José Vega Santana, known by his stage name "Remi" (born February 28, 1958) is a singer and clown from Puerto Rico. His career as a clown, spanning over 35 years, began with the group "Los Dulces Payasos" ("The Sweet Clowns") after developing the character of Remi while a student at the Interamerican University of Puerto Rico. He's one of the most famed clowns in Puerto Rico.

Family life
Vega is married to Bettina Mercado, president of Bettina Cosmetics. He has a daughter from a previous marriage to Marina Berti, Marina Vega Berti who participated in Miss Universe Puerto Rico 2013 as Miss Luquillo.

Early years
Vega was born in San Juan, Puerto Rico, his mother was the lead singer in "Googie Santana" and his grandfather was former baseball player Pepe Santana. Ever since he was young, Vega knew that he wanted to be an entertainer. He started as a radio music programmer and announcer. Later, he joined the dance and theater company of María Teresa Miranda.

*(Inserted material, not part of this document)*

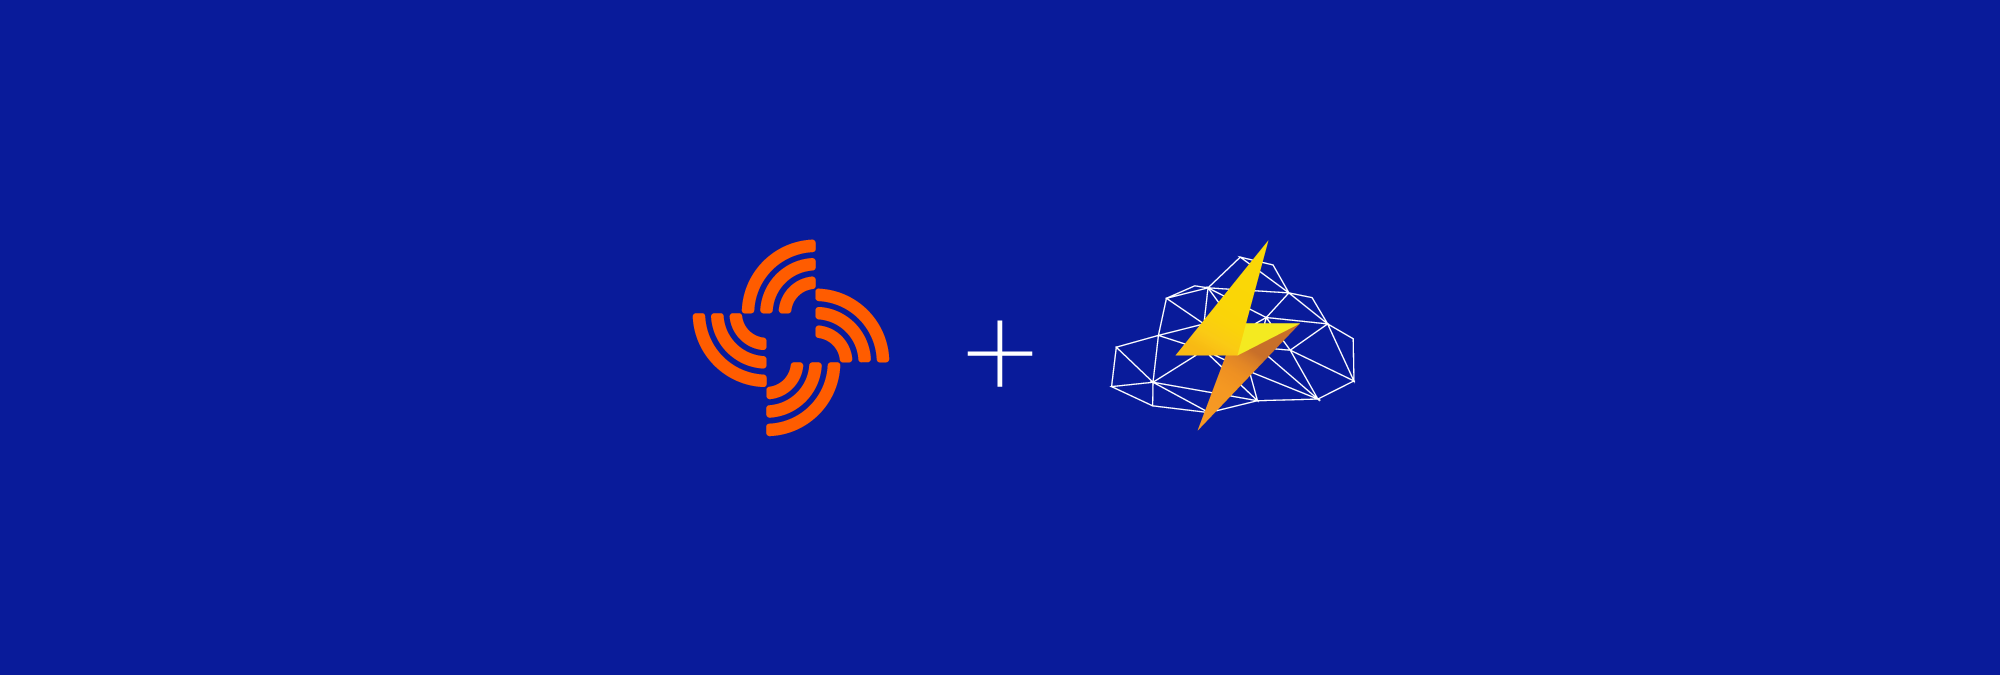 News: Electrify & Streamr partner to give users control over their data

In the mid-1970s, Vega was a Psychology student in the Interamerican University of Puerto Rico. During that time he also took painting classes in the School of Plastic Arts in San Juan. It is there that he, together with some other students decided to form an "Artisans Market" at the Luis Muñoz Rivera Park. The purpose of the "Market" was to give painting classes to young children, and on one occasion they dressed up as clowns. This was when Vega developed and created the character of "Remi". They became so popular that they decided to form a group and call themselves Los Dulces Payasos (The Sweet Clowns).

Remi the clown

In 1983, Vega and the group received an offer from local T.V. producer Tommy Muñiz to work in "Channel 7". The channel gave them their own children's show. During this time they also recorded an album with songs composed by Vega. They have the distinction of being the first "cultural clowns" to create new children's songs in Puerto Rico.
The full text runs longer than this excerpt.